— Provided data —

◇ ◇ ◇

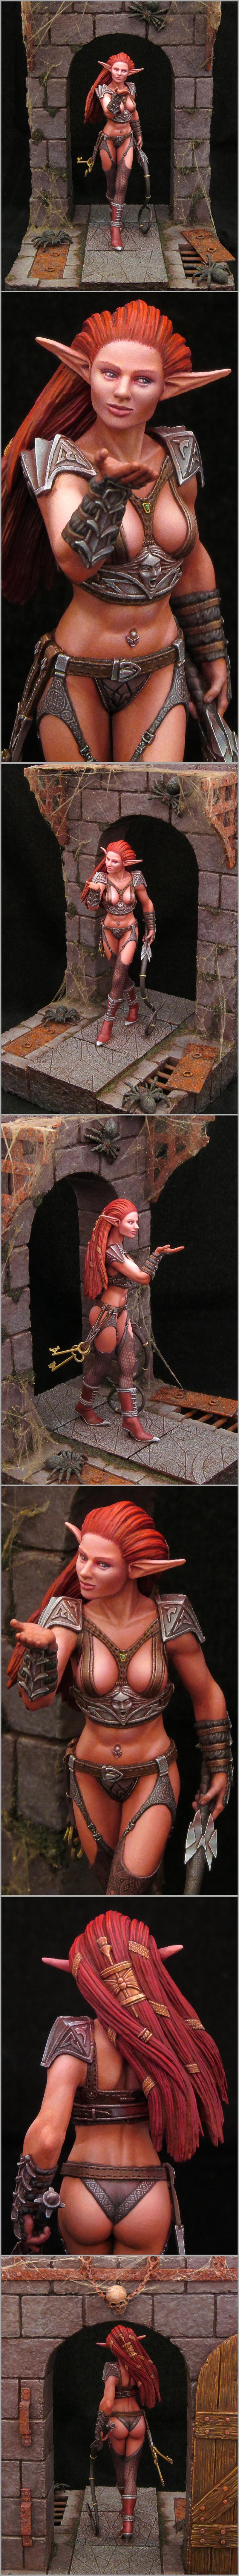 Chain, Dark Elves, Dungeon, Elves, Nsfw, Spider, Web, Whip
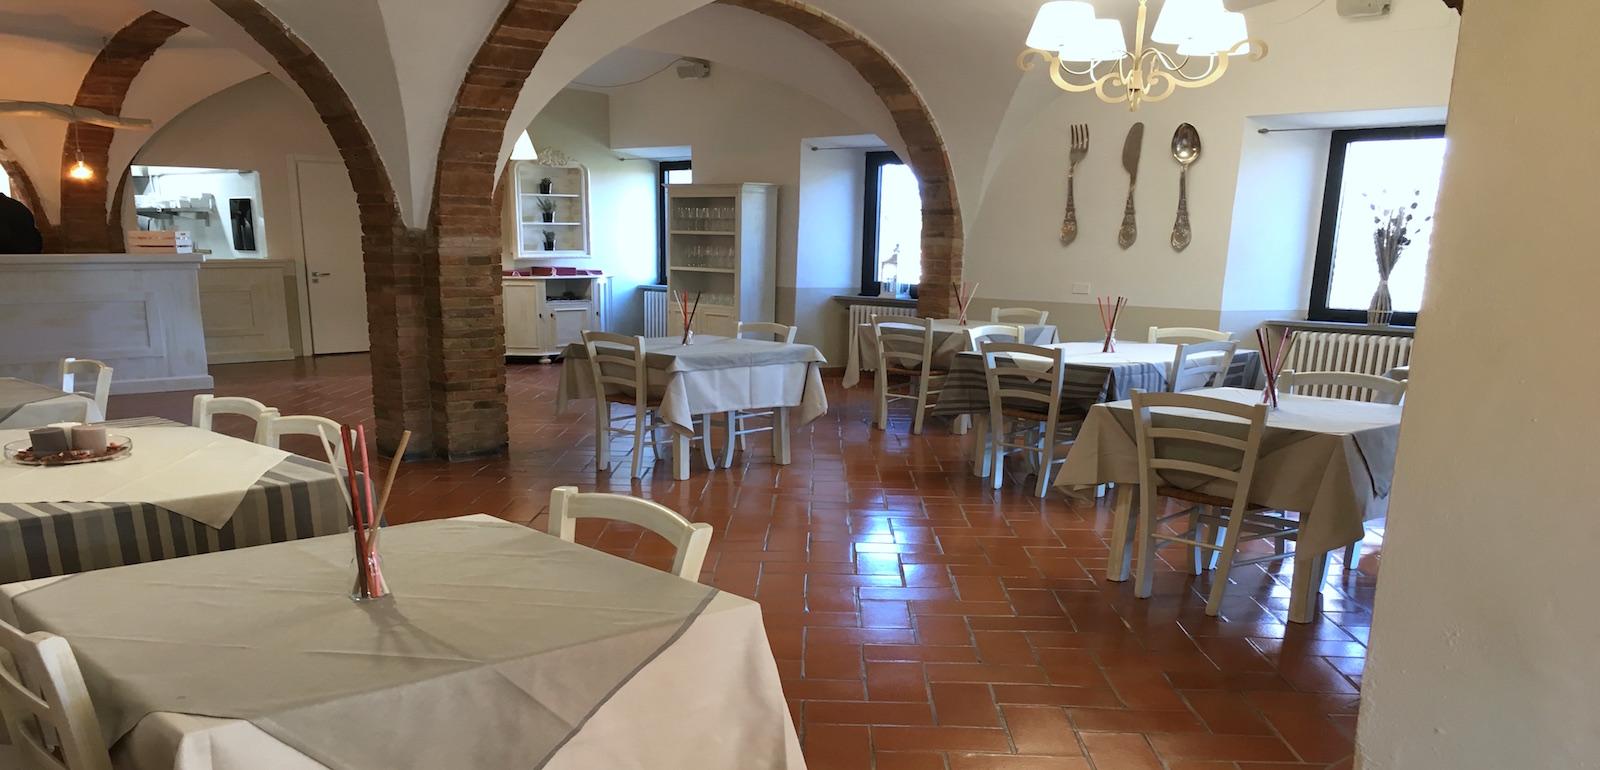 La sala del ristorante vegetariano Pastinaca a Volterra.
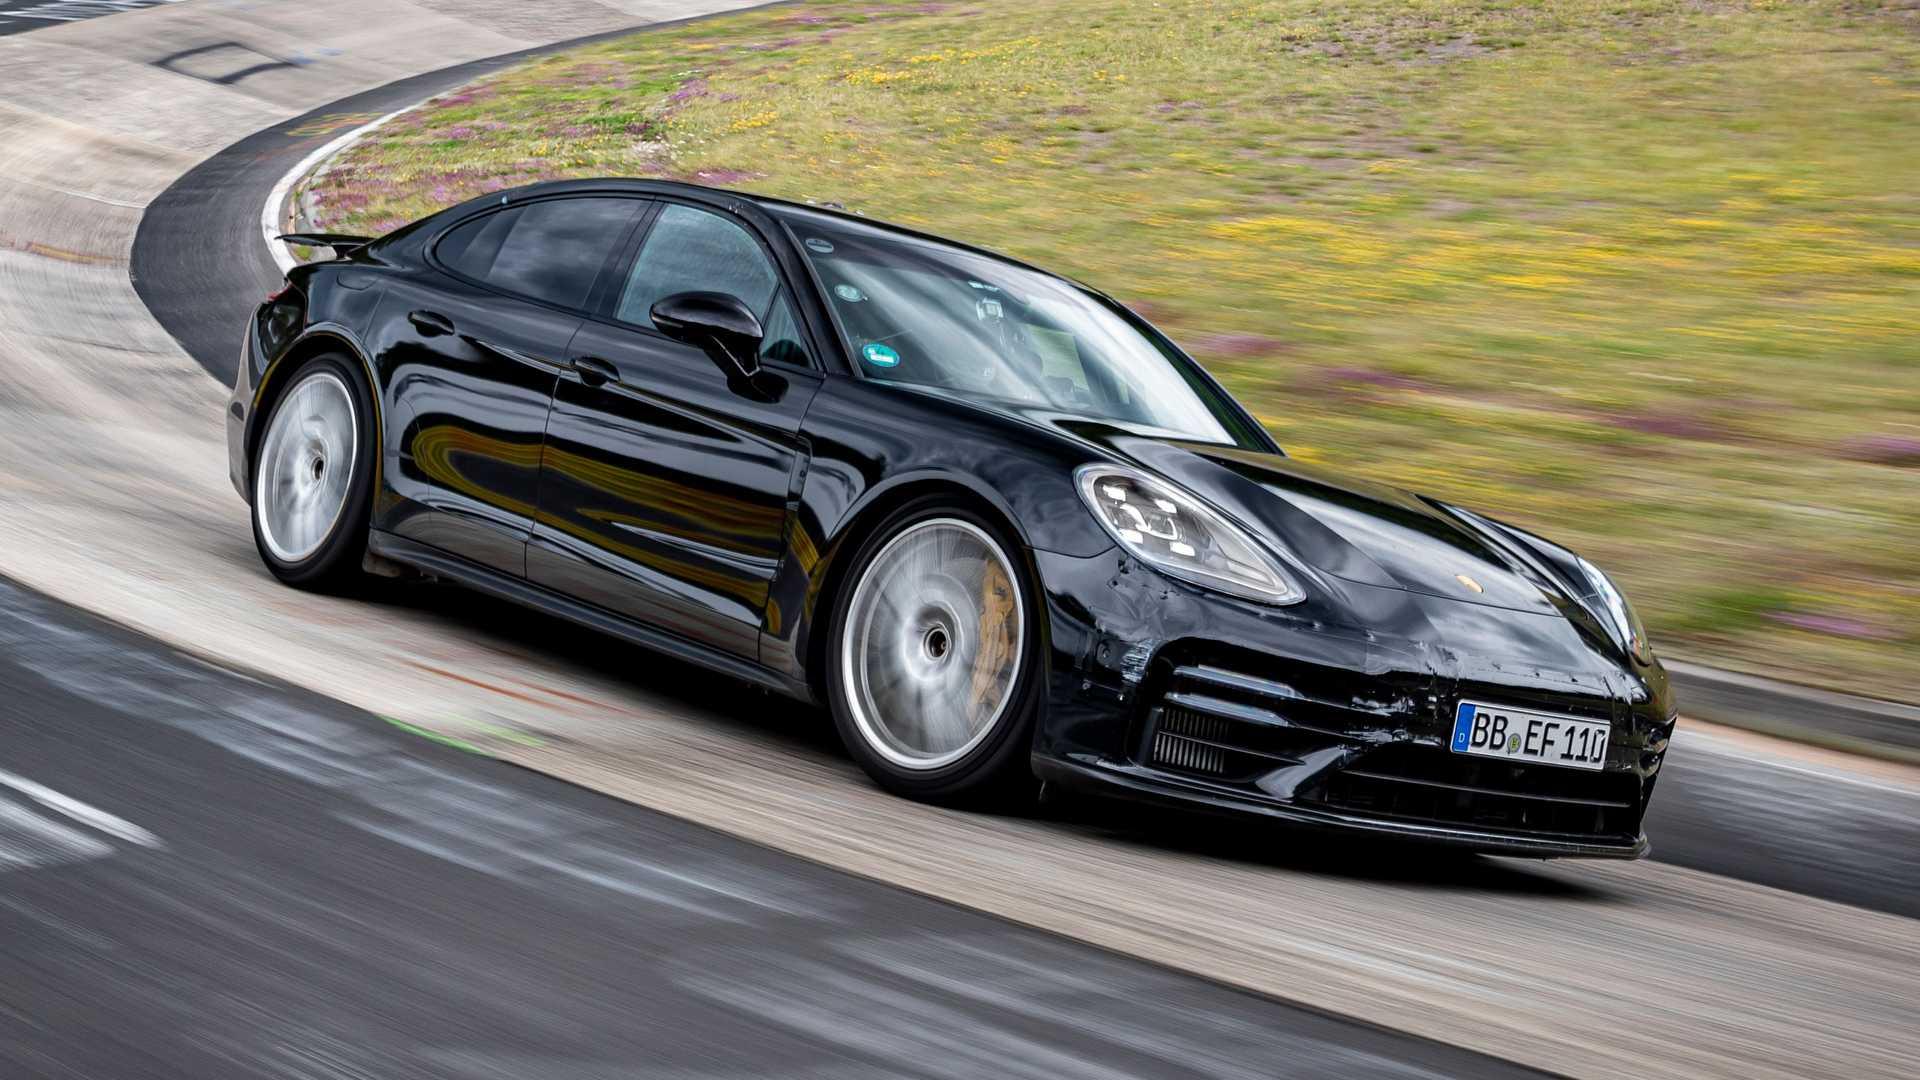 El Porsche Panamera bate récord en Nürburgring: Ahora es la berlina más rápida allí

◇ ◇ ◇

— Exercise requirements —
All the lines above need to be repeated exactly, with no pictures carried over.

— Solution —
 Chain, Dark Elves, Dungeon, Elves, Nsfw, Spider, Web, Whip
 La sala del ristorante vegetariano Pastinaca a Volterra.
 El Porsche Panamera bate récord en Nürburgring: Ahora es la berlina más rápida allí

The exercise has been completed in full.